But we usually view these guidelines as a burden: they limit our creativity; take our most brilliant ideas and strip off the polish. Typical accessibility checks are run towards the end of the design process, and we go back and grudgingly fix the errors, unhappy but acquiescing so we get paid.
This definition of “accessible” assumes that every person is either perfectly capable, or completely blind. (Or deaf, I suppose.) In either case, we rarely assume readers will do things like change the text size or the page colors, or turn off background images or stylesheets all together. But these are all common practice for readers with a whole range of needs, from those with incomplete visual impairment to those who are easily distracted by excessive color to those who may simply like to customize things.
“Universal” has a sense of “everywhere,” and I also want to include “everyone,” and “everywhen.” (”All the time,” but that would have broken the rhythm I had going.)
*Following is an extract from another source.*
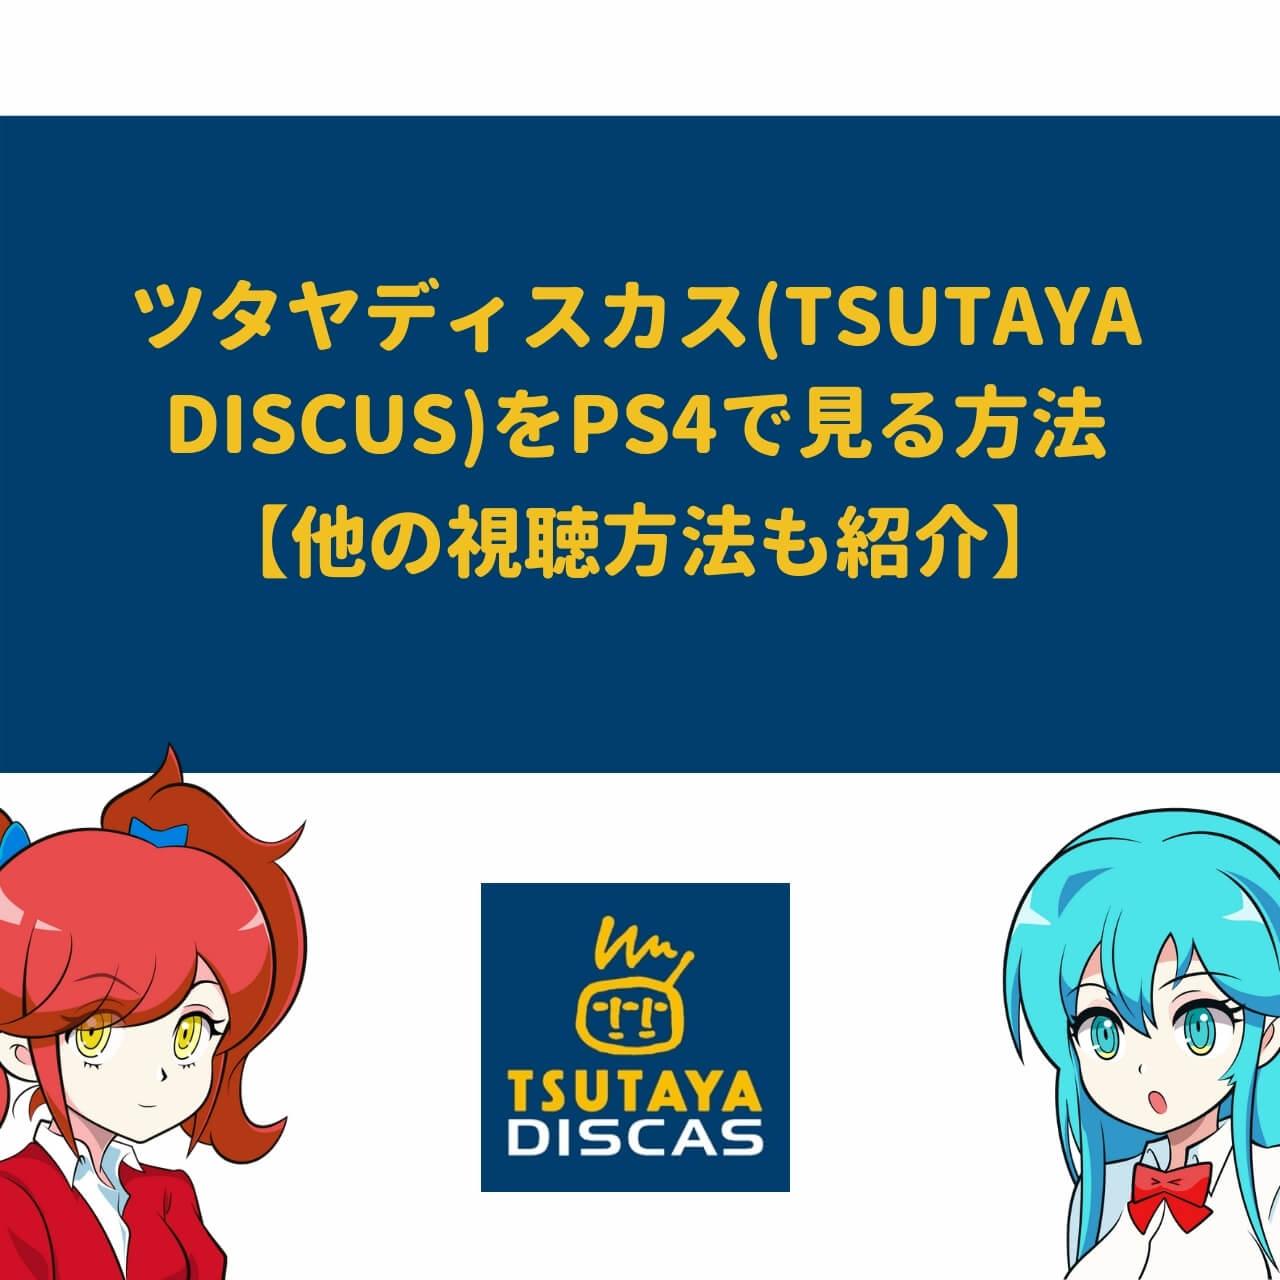 ツタヤディスカス(TSUTAYA DISCUS)をPS4で見る方法【他の視聴方法も紹介】

The key to implementing “universal accessibility” is to begin at the beginning, and not finish until the end. We all know the changes we’ll have to make later, so start your design process with these in mind.
The benefit to us as designers is that our final product won’t feel like a bastardized version of our original concept. By incorporating accessibility from the beginning, we won’t feel like we had to “hack” our own design to make it work. It also saves us time in that step, when we may be too tired or too frustrated to re-implement everything accessibly.
Another concern of “accessibility” is the ever-increasing stable of web-capable devices. From iPods to Smartphones to Wiis, a wide range of devices with various support for standards can all access your sites. CSS supports differentiated styles, but not all devices do. Fortunately, if you’re out of other ideas, server-side solutions could ensure that broswers see the right code.
But the real idea of “accessibility” is that everyone, regardless of ability, can access your content.
We need to widen our vision and consider all the impairments, not just blindness. It’s a simple numbers game: far more people have partial visual impairments than complete, far more people have learning or cognitive disabilities, far more access the internet from their phones. If we cater to the blind, surely we should cater to these people as well.
In the next article, I will talk about ways to assess a site for this “universal accessibility.” For the most part, these are simple steps that only take a few seconds to understand, and, with forethought, literally no time time to implement. They’re not perfect, or complete, but I hope to get people thinking about their own ways to build accessible sites from the ground up without sacrificing their designs and while improving their sites for everyone.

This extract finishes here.